Meditação da Palavra

06 julho 2011

Analfabetismo bíblico

São vários os tipos de analfabetismo. Em matéria de analfabetismo absoluto, o Brasil ainda tem ainda 10% de pessoas nessa faixa. É triste isso. E mais 20% de analfabetos funcionais, os que não conseguem interpretar um texto. Mas, hoje se fala também em analfabetismo digital. E com razão, pois muita gente que sabe ler e escrever ainda não sabe se comunicar com os recursos digitais: computador, internet, ipod, terminais eletrônicos, etc. Outro analfabetismo é o que Bertold Brecht descreveu: o analfabeto político. Mas, está me ocorrendo um outro analfabetismo igualmente grave para os tempos de hoje: o analfabeto bíblico. Alguns nessa área são analfabetos absolutos. E muitos outros, são analfabetos bíblicos funcionais.

 

Essa forma de analfabetismo me parece grave nos dias de hoje, especialmente entre os cristãos. O analfabeto bíblico seria alguém que, por desconhecer o livro dos cristãos, não consegue uma compreensão e uma comunicação adequada sobre a sua fé. "E não basta crer?", perguntaria alguém. Não. É preciso mais: é preciso dar as razões da própria fé, como está escrito na Carta de Pedro. E a fé cristã está assentada fundamentalmente nas Escrituras Sagradas e na Tradição que a transmite e explica. Sem um conhecimento bíblico mínimo, não se consegue compreender boa parte do discurso religioso católico, protestante, evangélico ou ortodoxo.

 

É claro que o Novo Testamento é a parte mais conhecida pelas pessoas, onde se encontra a história da vida de Jesus, seus ensinamentos e o desenvolvimento das comunidades cristãs após a sua ressurreição. Mas, o Novo Testamento não se entende sem o Antigo.
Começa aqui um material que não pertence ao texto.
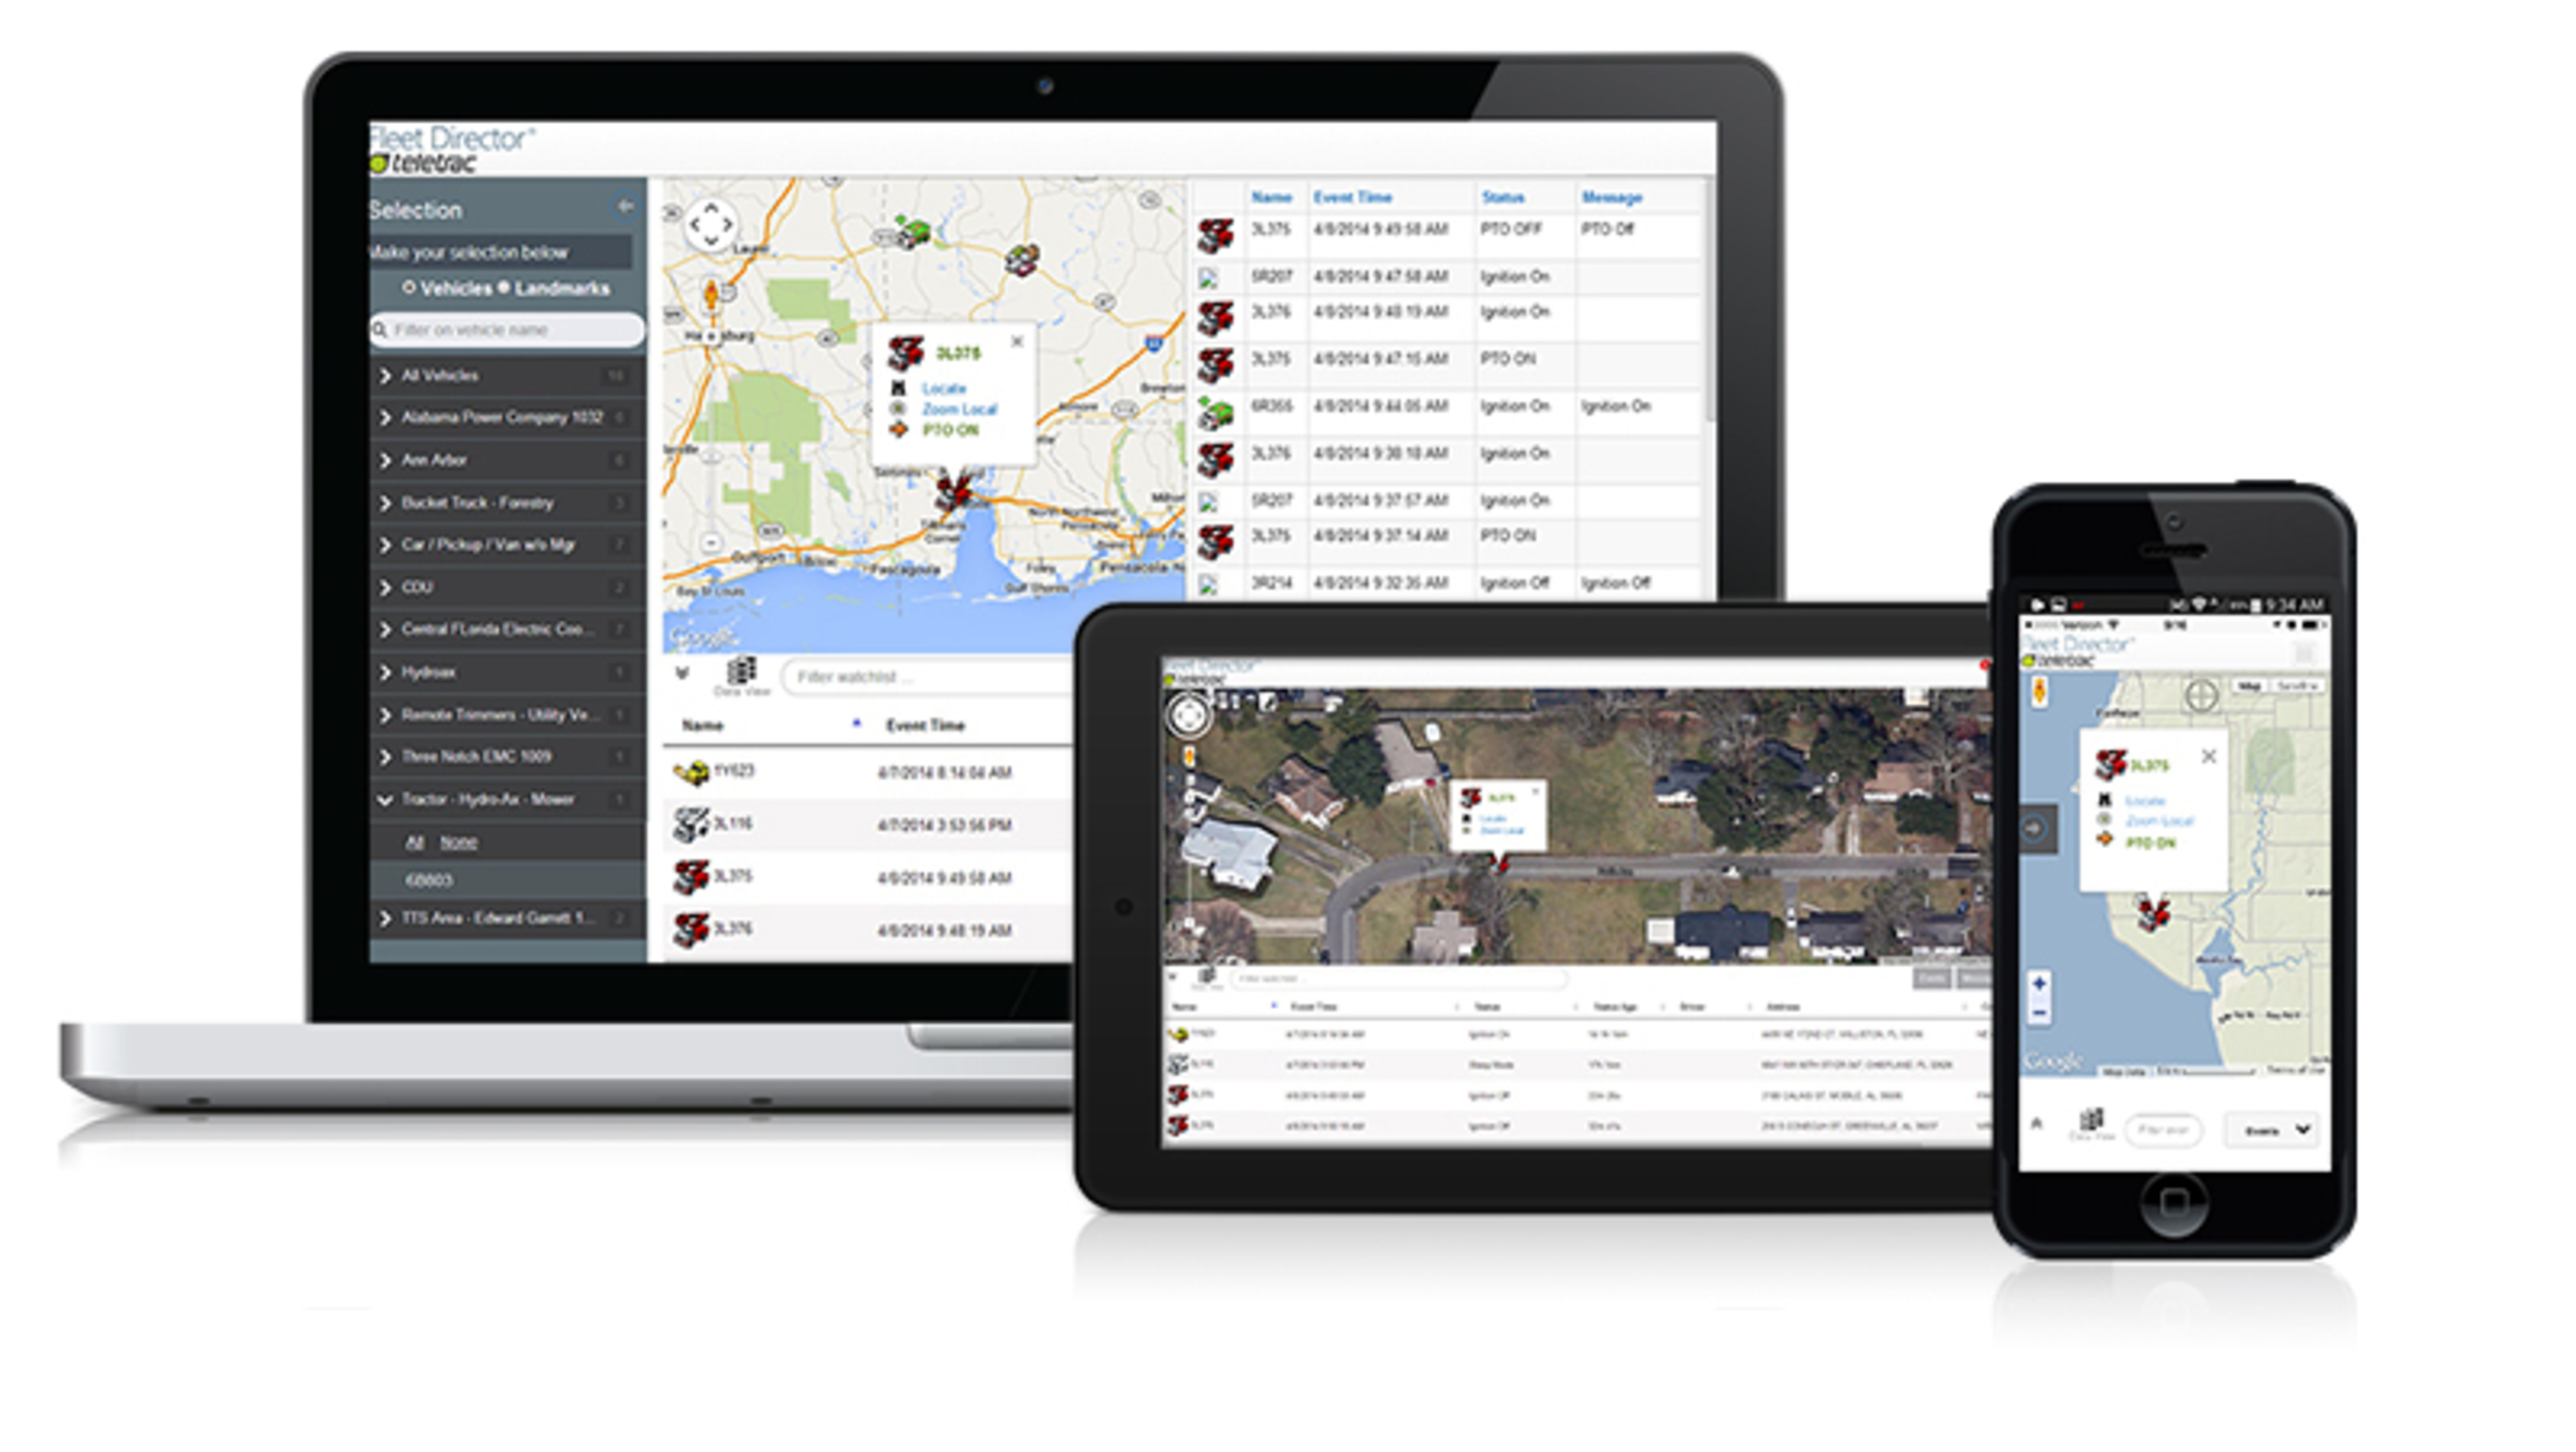 Teletrac GPS Viewer allows companies to monitor real-time vehicle activity directly from any mobile device and browser, 24/7. (PRNewsFoto/Teletrac Inc. )

As raízes da fé cristã estão na história religiosa do povo de Israel, o povo em Aliança com o Deus único. A comunidade dos seguidores de Jesus está em continuidade com a grande tradição religiosa do povo eleito: os seus patriarcas (Abraão, Isac, Jacó), os seus profetas (Amós, Oséias, Isaías, Jeremias, Jonas, Malaquias, Daniel), os seus reis  (Davi, Salomão, Josias), a Torah, a lei de Moisés, suas festas religiosas (páscoa, pentecostes, cabanas), etc. Não dá para compreender o Novo Testamento sem uma referência direta às Escrituras de Israel, os 46 livros do Antigo Testamento.

 

E não se pode achar que está tudo bem assim. Não está. Não é possível, nos dias de hoje, um cristão ser leigo na Bíblia. Leigo aqui, de maneira pejorativa. Estamos em uma sociedade com um leque enorme de modelos, possibilidades e opções. Quem for cristão tem que ser de verdade, e saber bem os fundamentos de sua fé. Em um mundo como o nosso, o cristão tem que fazer a diferença. E atitudes, comportamentos e projetos de vida alinhados com o Evangelho não se sustentam na superficialidade. Eles têm que ter um sólido alicerce. O conhecimento bíblico é uma dessas pedras fundamentais na construção de uma vida marcada pela fé em Cristo.

 

Aliás, devemos estender esse pensamento para todo mundo, mesmo para quem não é membro de nenhuma igreja. Estamos em uma cultura ocidental onde quase tudo continua fazendo referência ao mundo religioso cristão, ancorado na Bíblia. E mais ainda, os valores com que hoje pretendemos pautar nossa vida privada e social, continuam a se alicerçar todos eles nos ensinamentos religiosos do livro dos cristãos.  Assim é a justiça, a equidade social, a tolerância, o respeito à vida, a defesa da família, os direitos humanos, a solidariedade, a fraternidade, a honestidade... Enfim, não conhecer a Bíblia é uma grave lacuna na base cultural da nação. Analfabetismo bíblico, absoluto ou funcional, é um sério problema a ser enfrentado.